*Data to examine*
------------------------------------

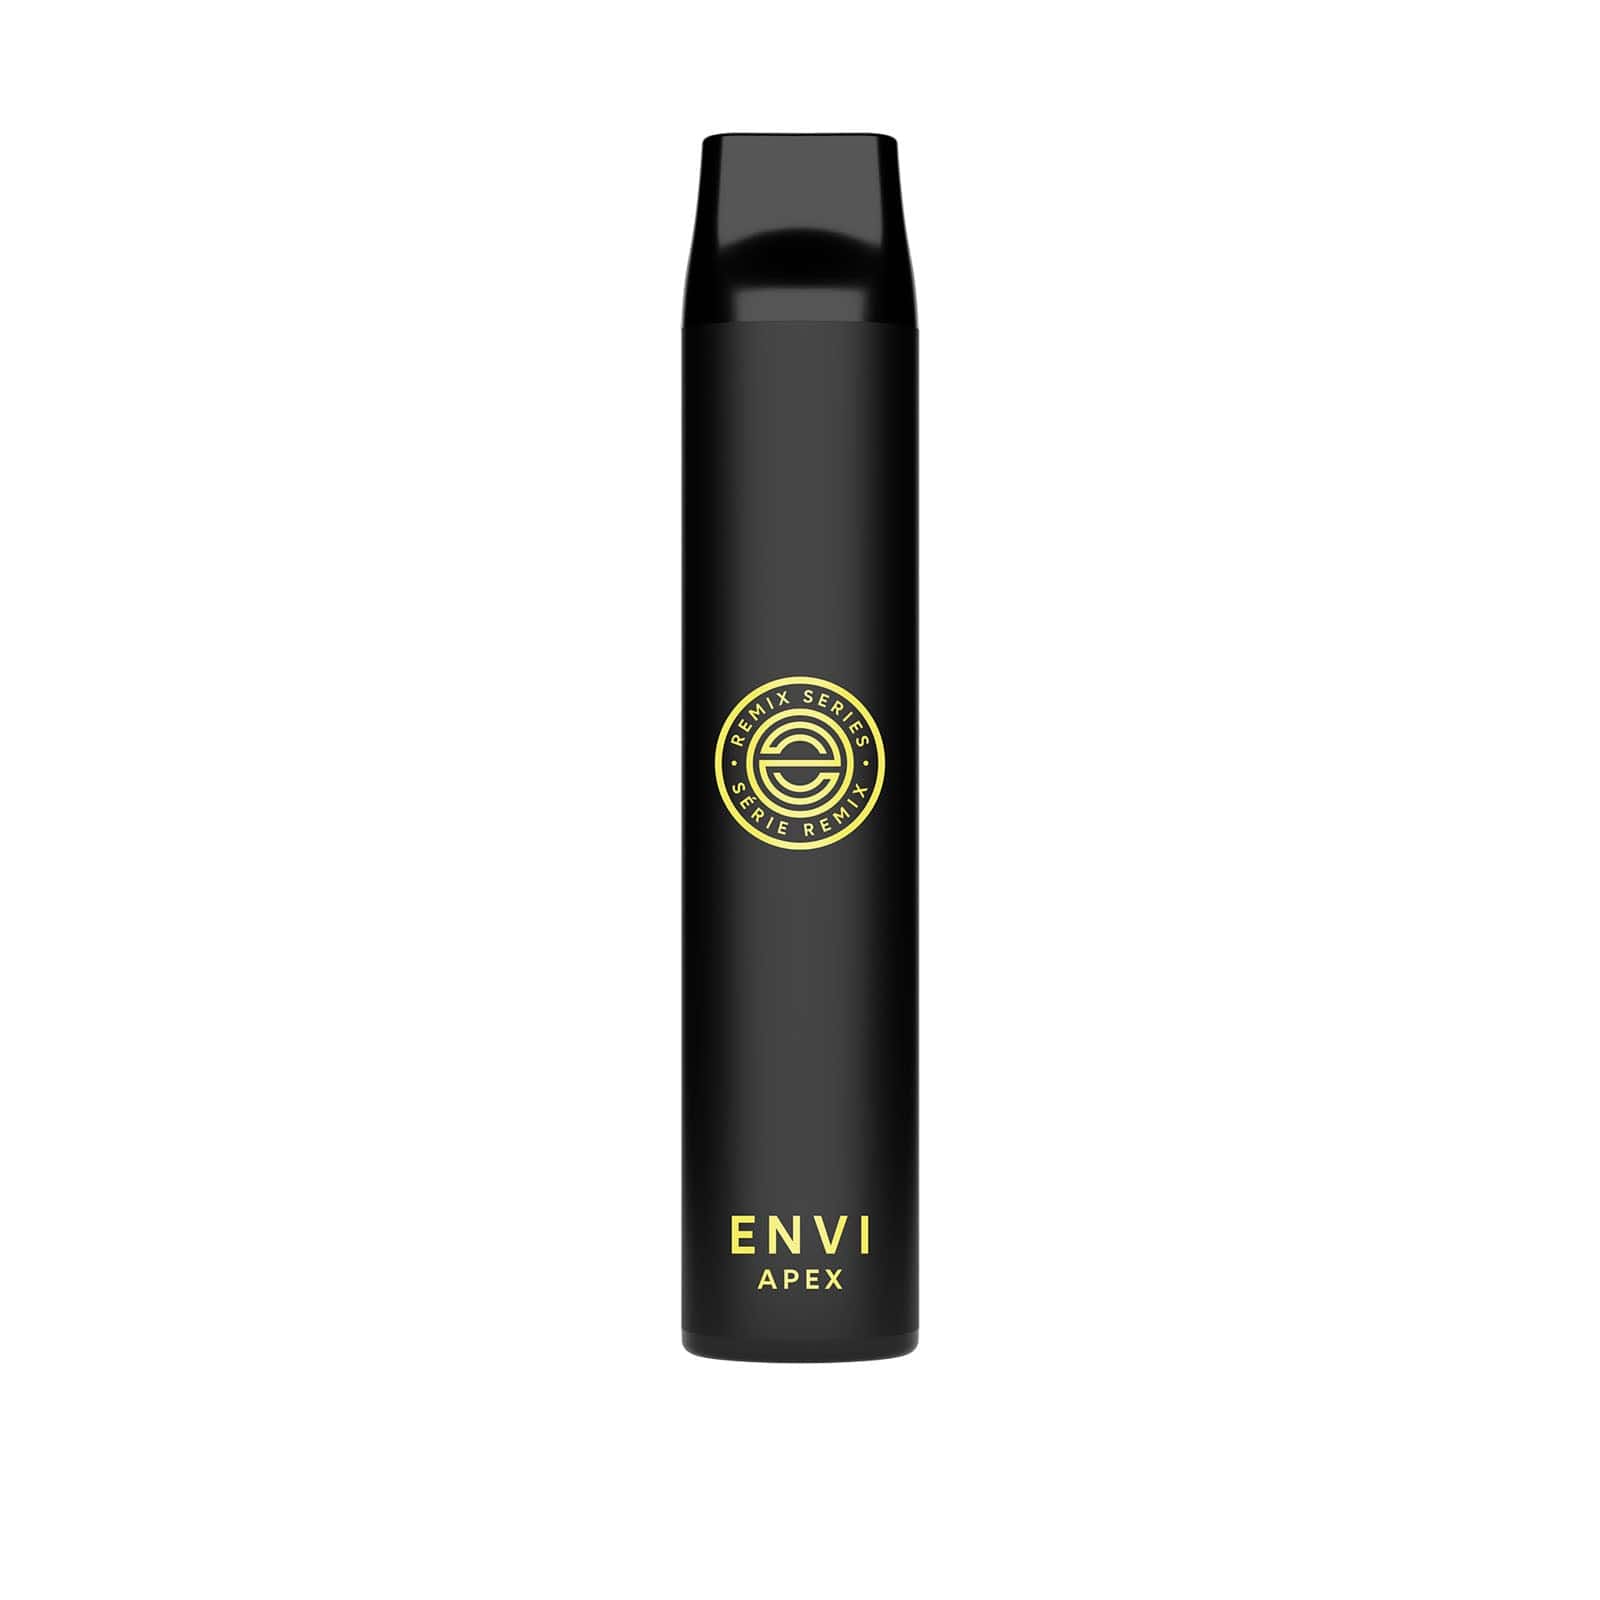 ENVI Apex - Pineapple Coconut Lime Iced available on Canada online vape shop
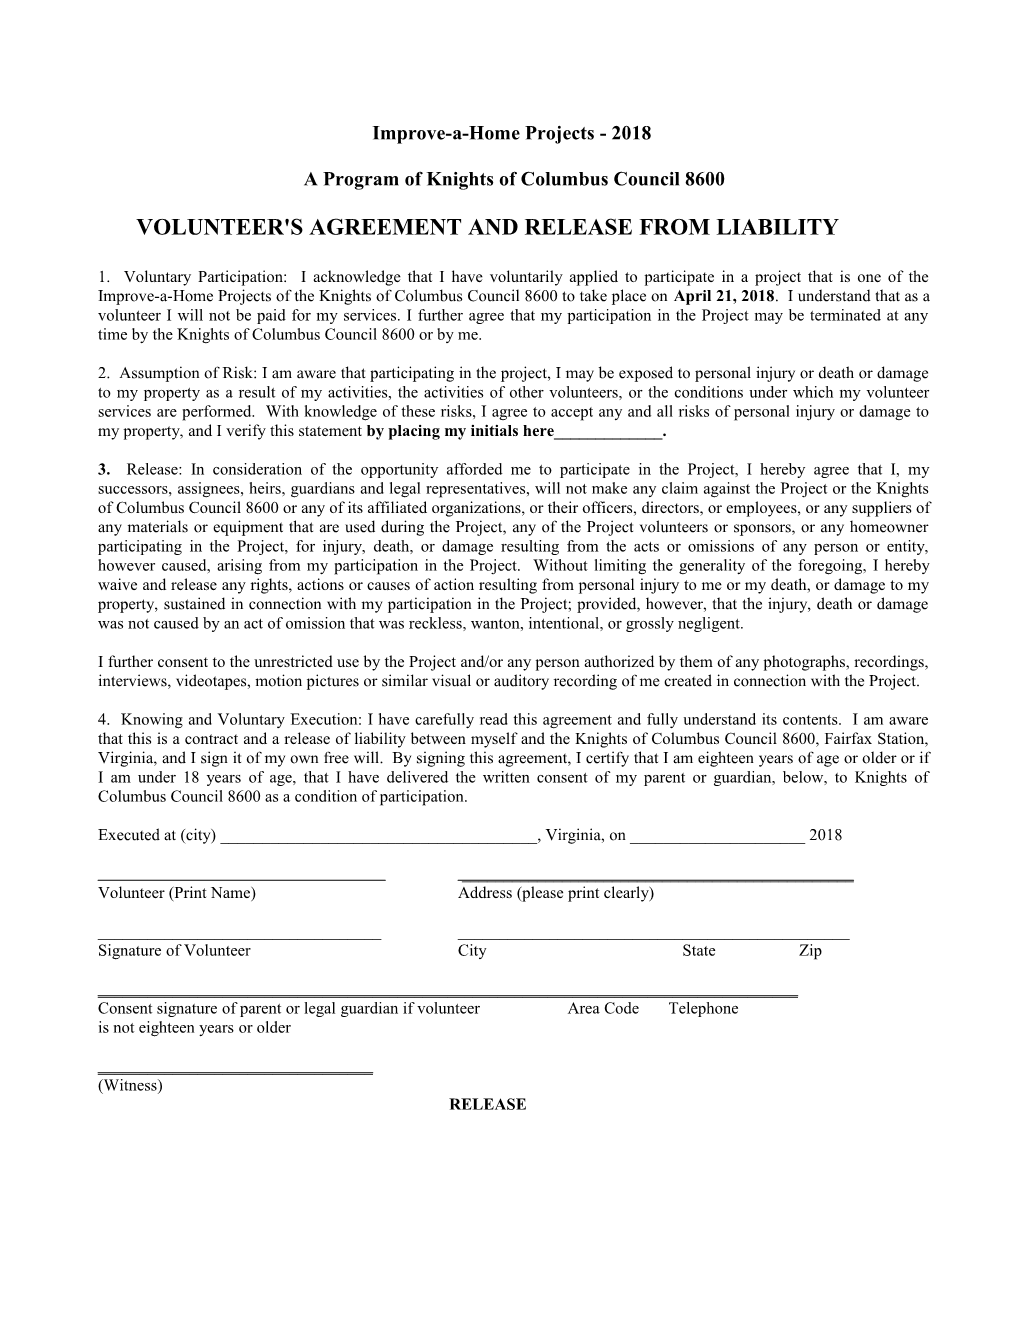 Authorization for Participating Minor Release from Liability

------------------------------------

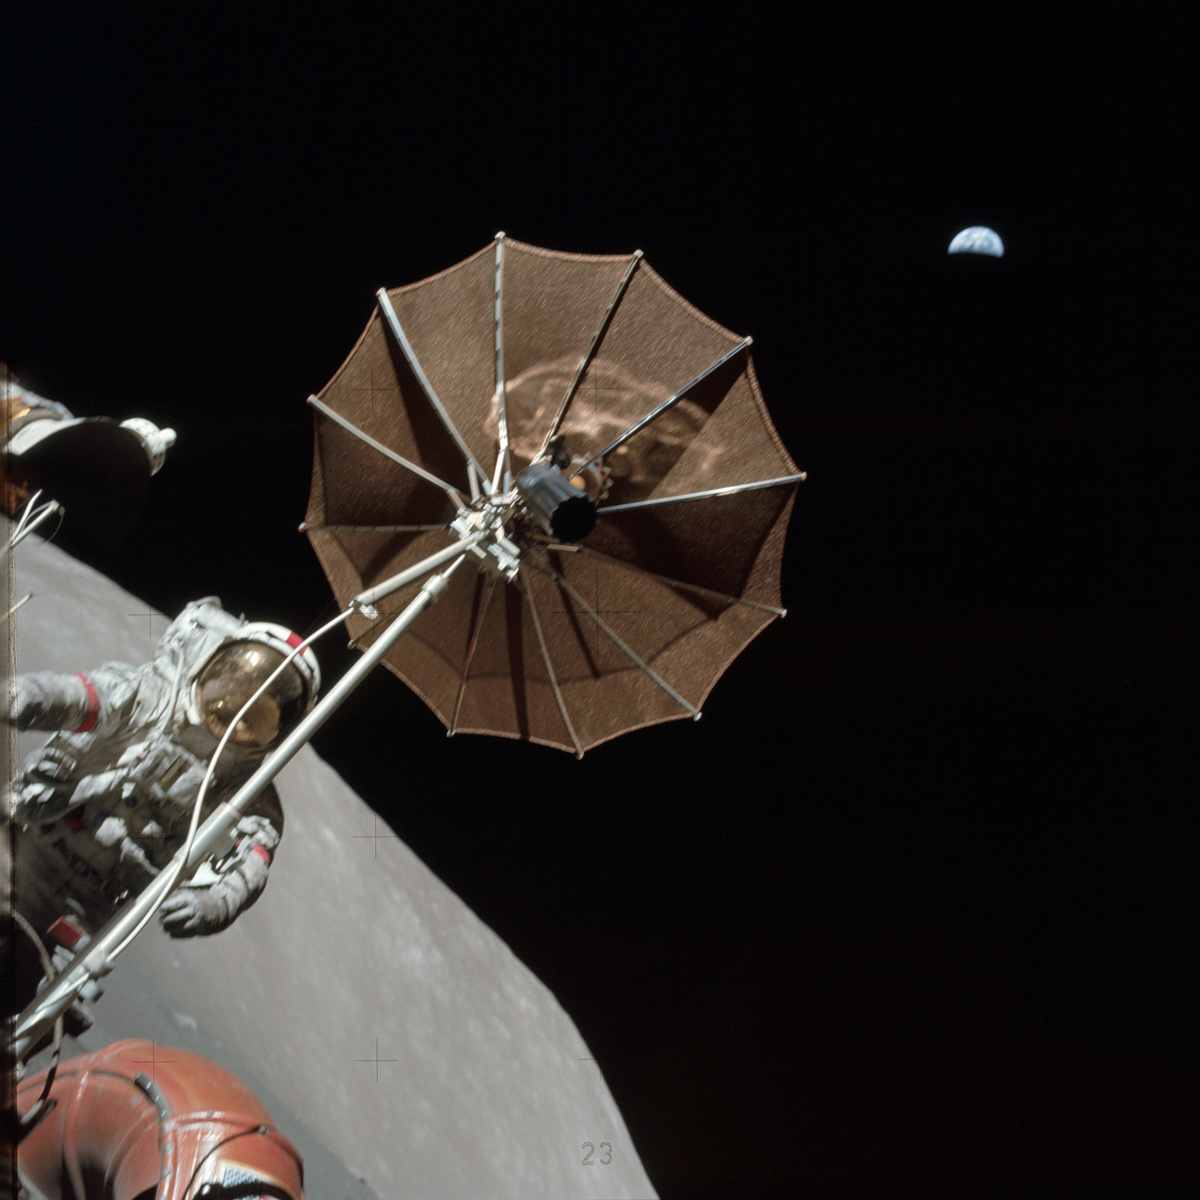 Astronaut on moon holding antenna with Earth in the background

------------------------------------

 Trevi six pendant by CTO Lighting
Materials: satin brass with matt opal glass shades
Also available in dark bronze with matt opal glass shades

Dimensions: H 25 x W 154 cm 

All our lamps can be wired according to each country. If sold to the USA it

------------------------------------

*What the exercise asks*
Beginning with the line containing "Also available in" in the material above, copy every line exactly until you have copied the line containing "All our lamps".

*Answer to this task*
Also available in dark bronze with matt opal glass shades

Dimensions: H 25 x W 154 cm 

All our lamps can be wired according to each country. If sold to the USA it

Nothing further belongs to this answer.